A Empresa Santo Antônio sustentou que o acidente se deu por caso fortuito, já que o veículo estava em perfeito estado de manutenção. Afirmou que prestou a assistência necessária à autora, com o pagamento das despesas médicas, conforme documento que anexa e que a autora não comprovou seus rendimentos, tampouco as lesões e a gravidade delas. Acrescentou que não há nexo de causalidade para a cobrança de dano moral e que o valor pretendido a esse título é exorbitante. Pediu a improcedência da ação e a expedição de ofício ao IML (Instituto Médico Legal).

Foi realizada uma audiência de conciliação que restou infrutífera. A juíza deferiu a produção de prova pericial e o laudo médico pericial foi apresentado.

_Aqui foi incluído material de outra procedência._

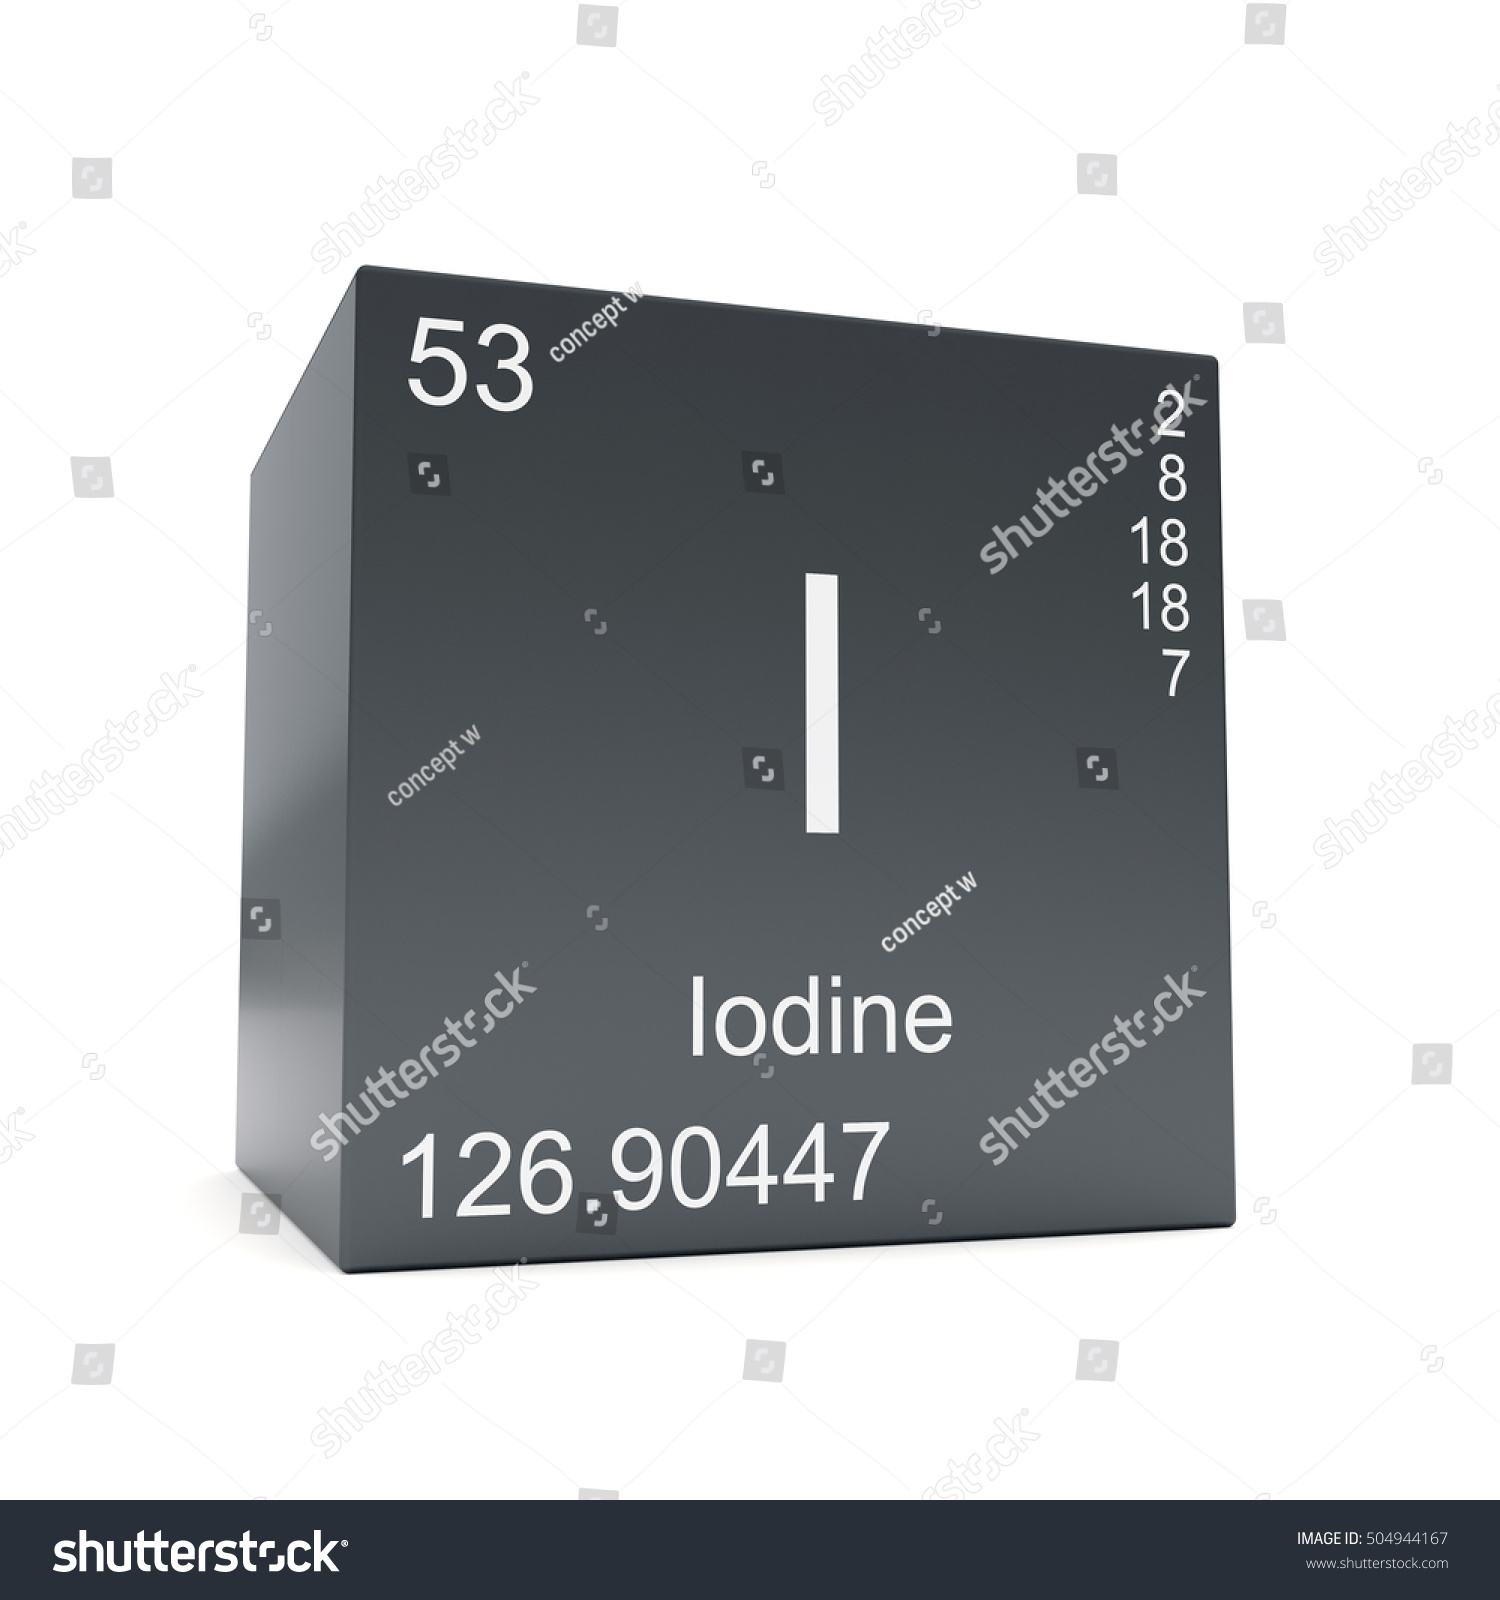 Iodine chemical element symbol periodic table stock illustration iodine chemical element symbol periodic table stock illustration 504944167 shutterstock urtaz Choice Image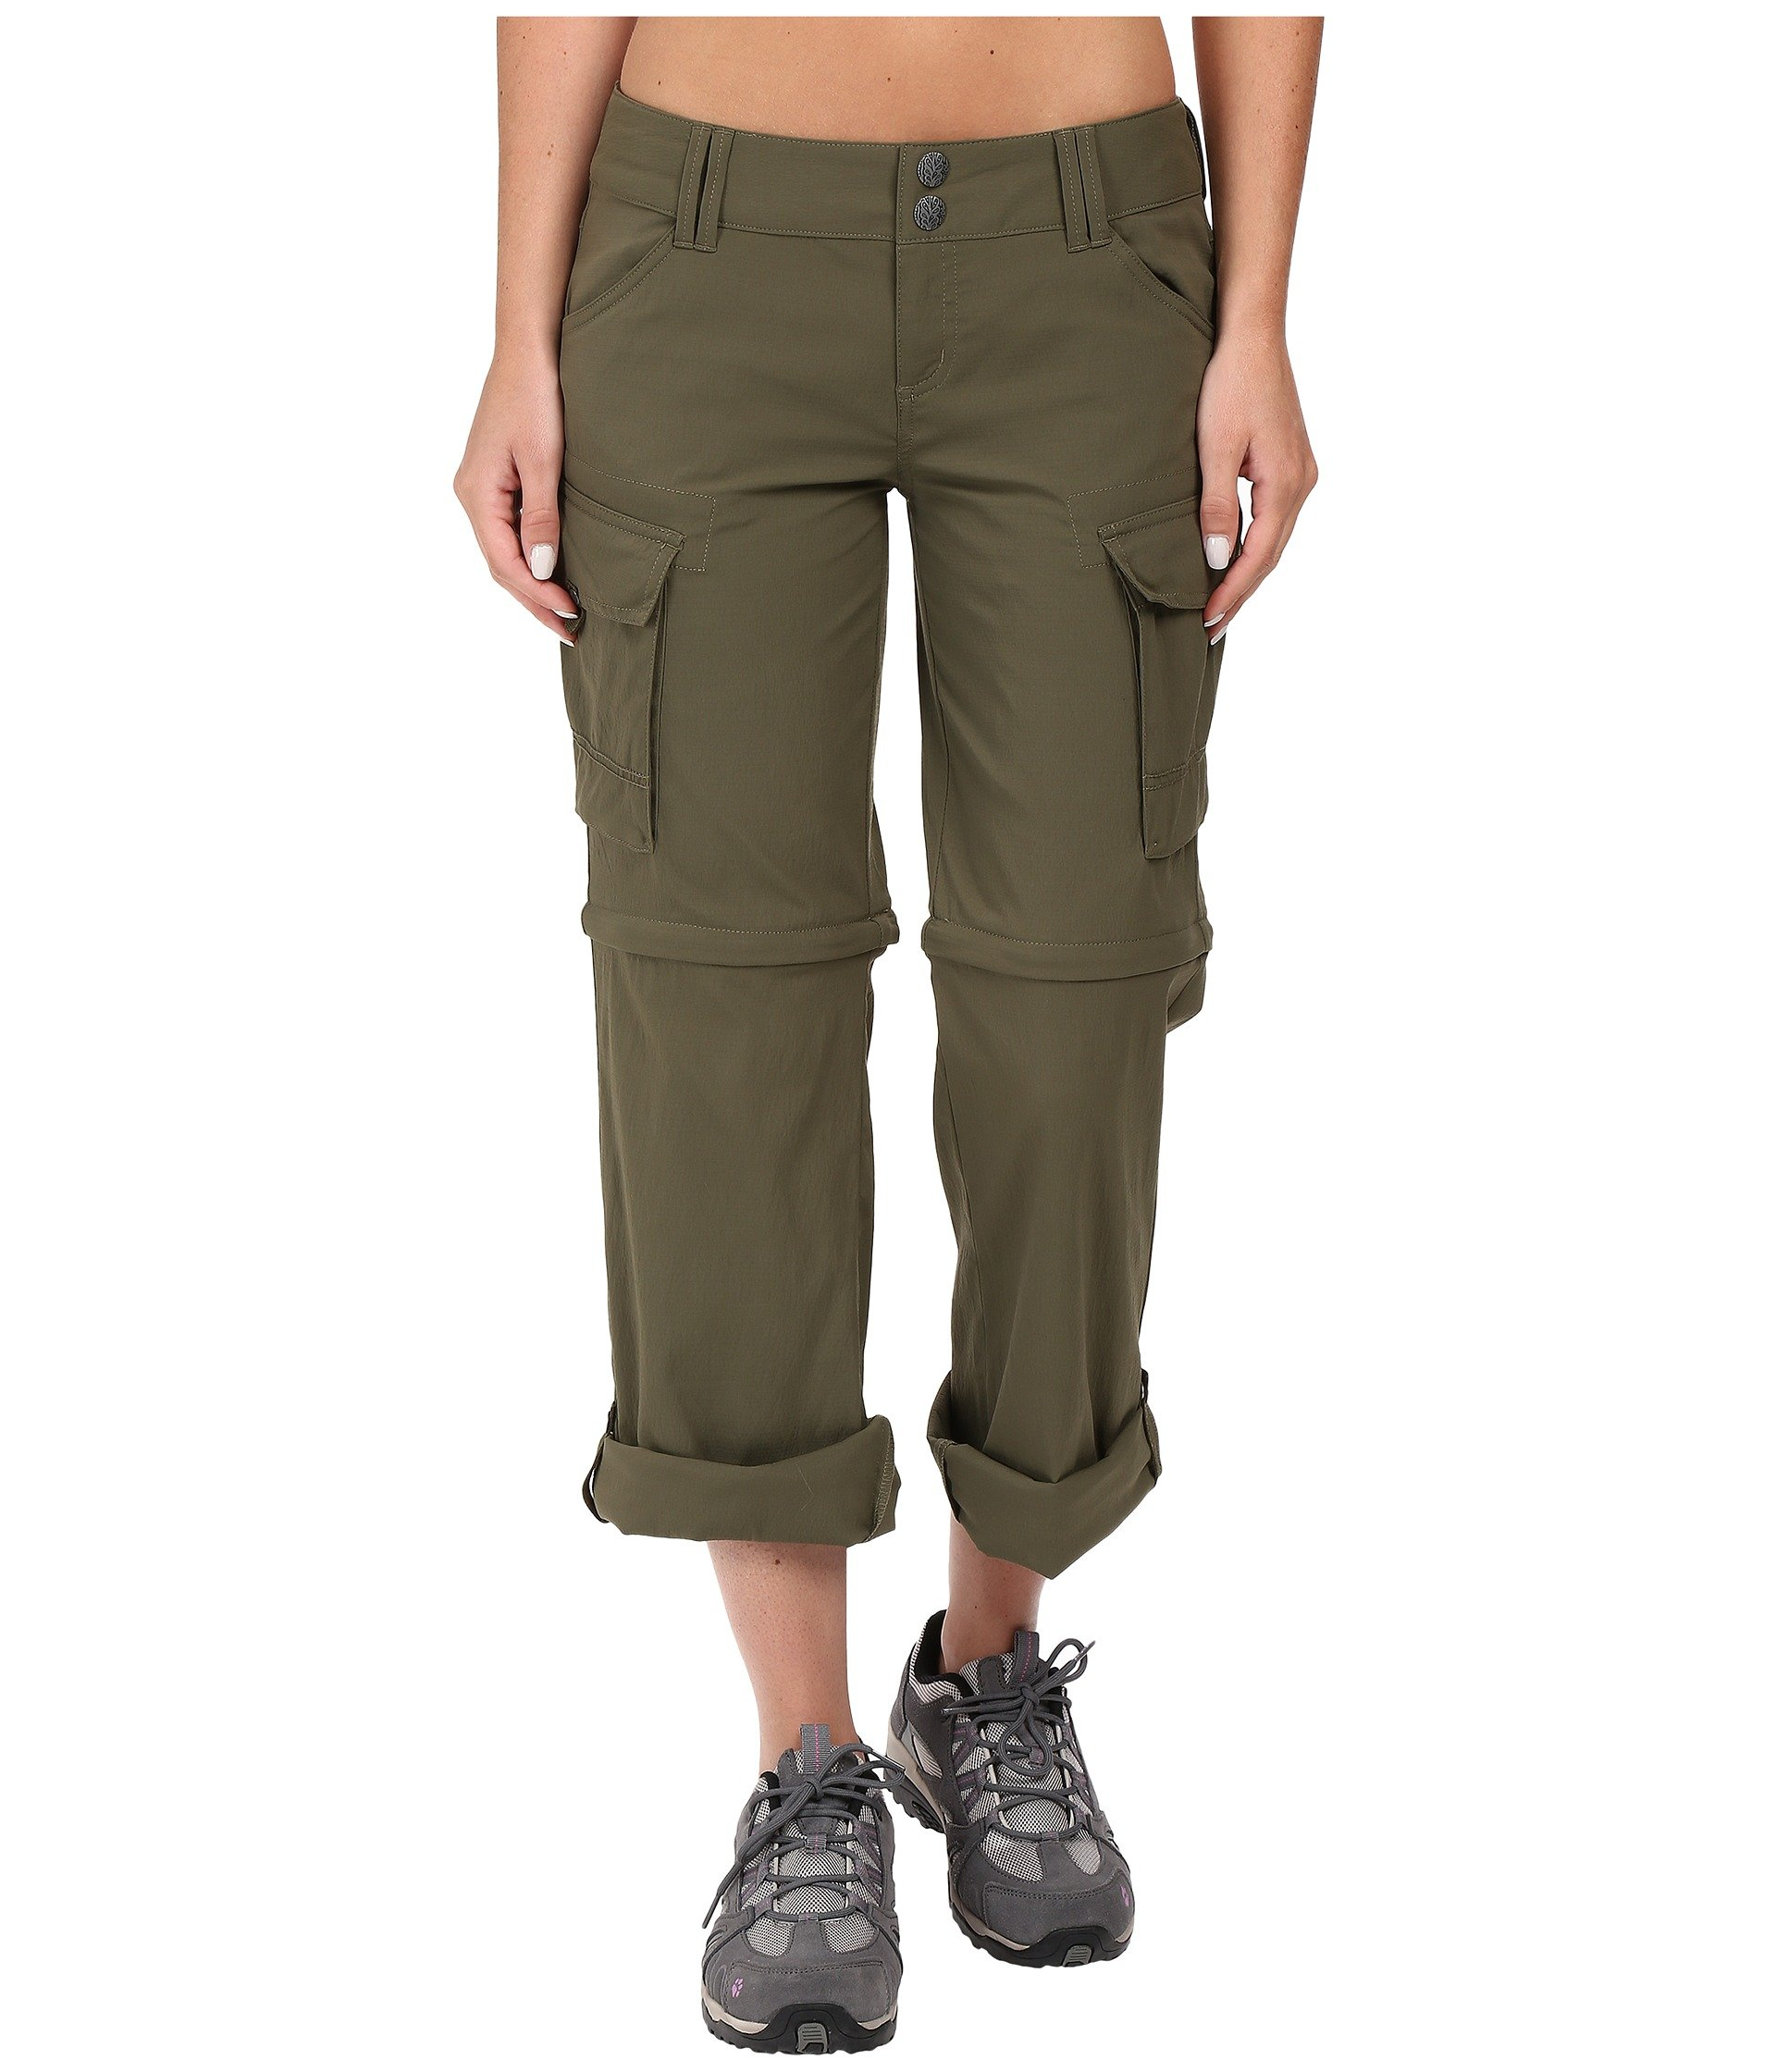 prana sage convertible pants how to fix zipper

As partes se manifestaram sobre o laudo.

No entendimento da juíza, a pretensão autoral é procedente. “Ocorre que o artigo 734 do Código Civil impõe a responsabilidade objetiva para o contrato de transporte e excepciona apenas a força maior. A regular manutenção do veículo da autora não constitui hipótese de caso fortuito, ou força maior, pois o estouro de um pneu é fato previsível e inerente à atividade comercial da requerida. Não há, por isso, que se falar em excludente de responsabilidade e a requerida tem a obrigação legal de responder pelos danos causados à passageira”, afirma a julgadora.

Quanto à análise dos danos materiais, a autora sofreu fratura de calcâneo esquerdo. Foi submetida a tratamento conservador. Retornou à sua atividade laboral após nove meses da data do acidente. O acidente não deixou sequelas. A autora alega que exercia atividade de cabeleireira e auferia, mensalmente, a quantia de R$ 1.000,00. “Assim sendo, diante da razoabilidade do valor, condizente com o ofício da autora, fixo sua remuneração mensal em R$ 1.000,00”, decidiu a magistrada.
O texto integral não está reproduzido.